SAUDAÇÃO A WALT WHITMAN [b]

SAUDAÇÃO A WALT WHITMAN

Portugal — Infinito, onze de Junho de 1915

Hé lá, á — á — á — á!

De aqui, de Portugal, de onde a Europa olha a América,

De onde tu teres existido é um efeito complexo,

Consciente de estar à vista, no palco para a plateia que é no auge.

Saúdo-te deliberadamente, saúdo-te

Desde o princípio de te saudar, como é próprio de ti.

Hé-lá Walt, old boy, meu velho arado das almas,

Hé-lá meu condottiere da sensualidade autêntica

Pirata do teu próprio génio,

Filho-pródigo da tua inspiração!

Ó sempre moderno e eterno; cantor dos concretos absolutos

Concubina fogosamente [...] do universo disperso,

Grande pederasta roçando-te pela diversidade das coisas,

Sexualidade... etc.

Tu, o homem-mulher-criança-natureza-máquinas!

Tu, o p'ra-dentro, tu o p'ra-fora, tu o ao-lado de tudo!

Fulcro-sensualidade ao serviço do infinito, escada

Até não haver fim a subir, — e subir!

Saúdo-te e chamo

A tomar parte em mim na saudação que te faço

Tudo quanto cantaste ou desejaste cantar.

Ervas, árvores, flores, a natureza dos campos...

Homens, lutas, tratados — a natureza das almas...

Os artifícios, que dão sabor ao que não é artifício

As coisas naturais que valem sem valor dado,

As profissões com que o homem se interessa por ter vontade

As grandes ambições, as grandes raivas, as pálpebras

Descidas sobre a inutilidade metafísica de viver...

Chamo a mim, para os levar até ti,

Como a mãe chama a criança para a sentir ser

A totalidade dispersa do que interessa ao mundo...

Ah, que nada me fique de fora das algibeiras

Quando vou procurar-te.

Que nada me esqueça, se te saúdo, que nada

Falte, nem o faltar esqueça,

Porque faltar é uma coisa — faltar.

Vá!
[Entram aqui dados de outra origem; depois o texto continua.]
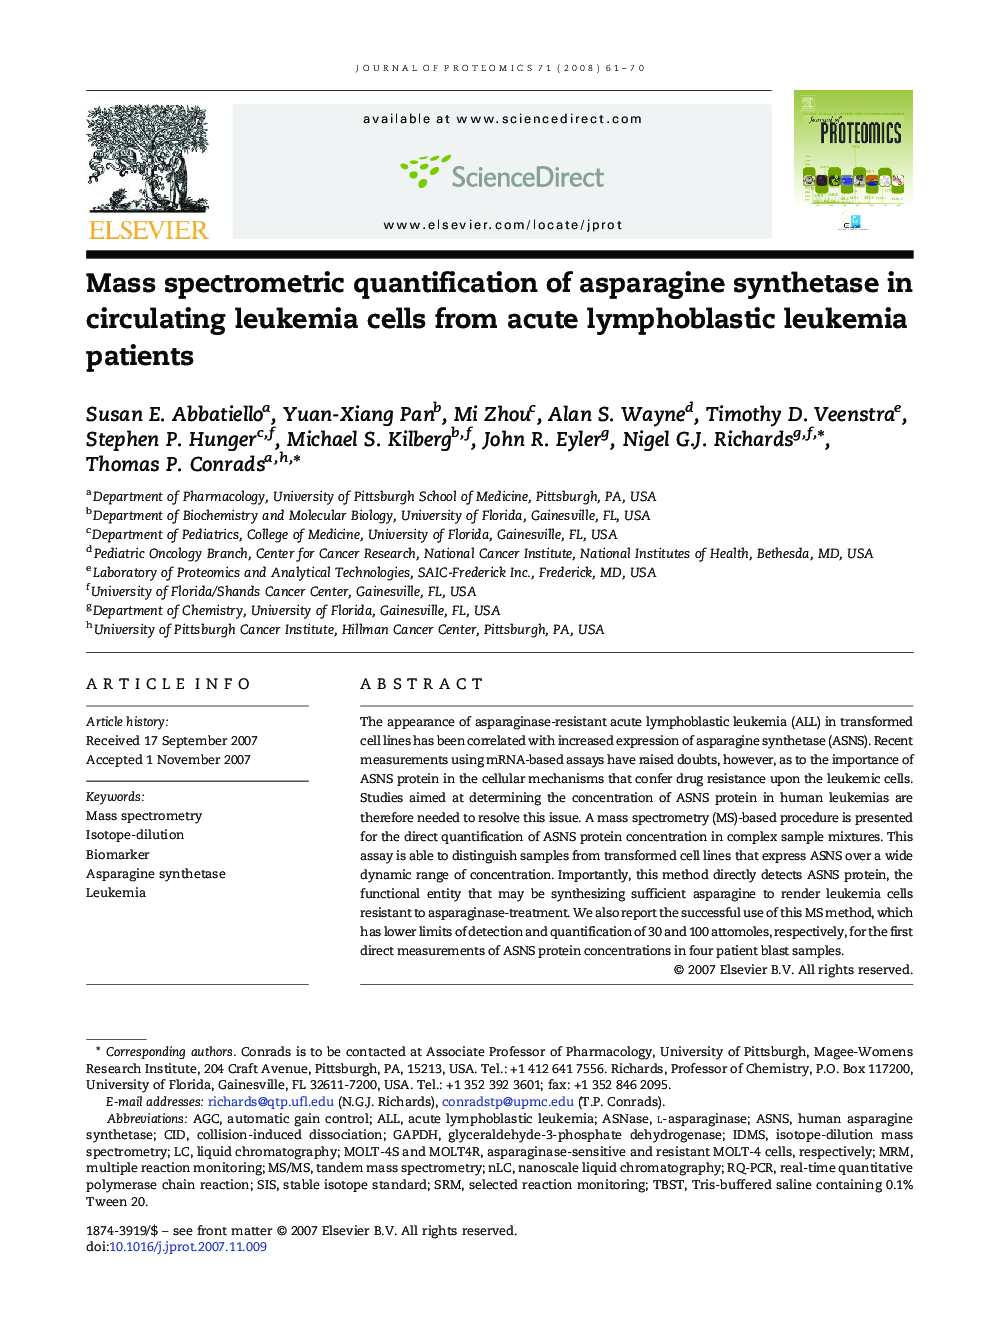 Mass spectrometric quantification of asparagine synthetase in circulating leukemia cells from acute lymphoblastic leukemia patients

Vá! Tudo! O natural e o humano!

Vá, o que parte! vá, o que fica! vá o que lembra e o que esquece!

Tu tens direito a ser saudado por tudo

E eu, porque o vejo,

Tenho o direito a encanar a voz em tudo saudar-te

s.d.

Álvaro de Campos - Livro de Versos . Fernando Pessoa. (Edição crítica. Introdução, transcrição, organização e notas de Teresa Rita Lopes.) Lisboa: Estampa, 1993.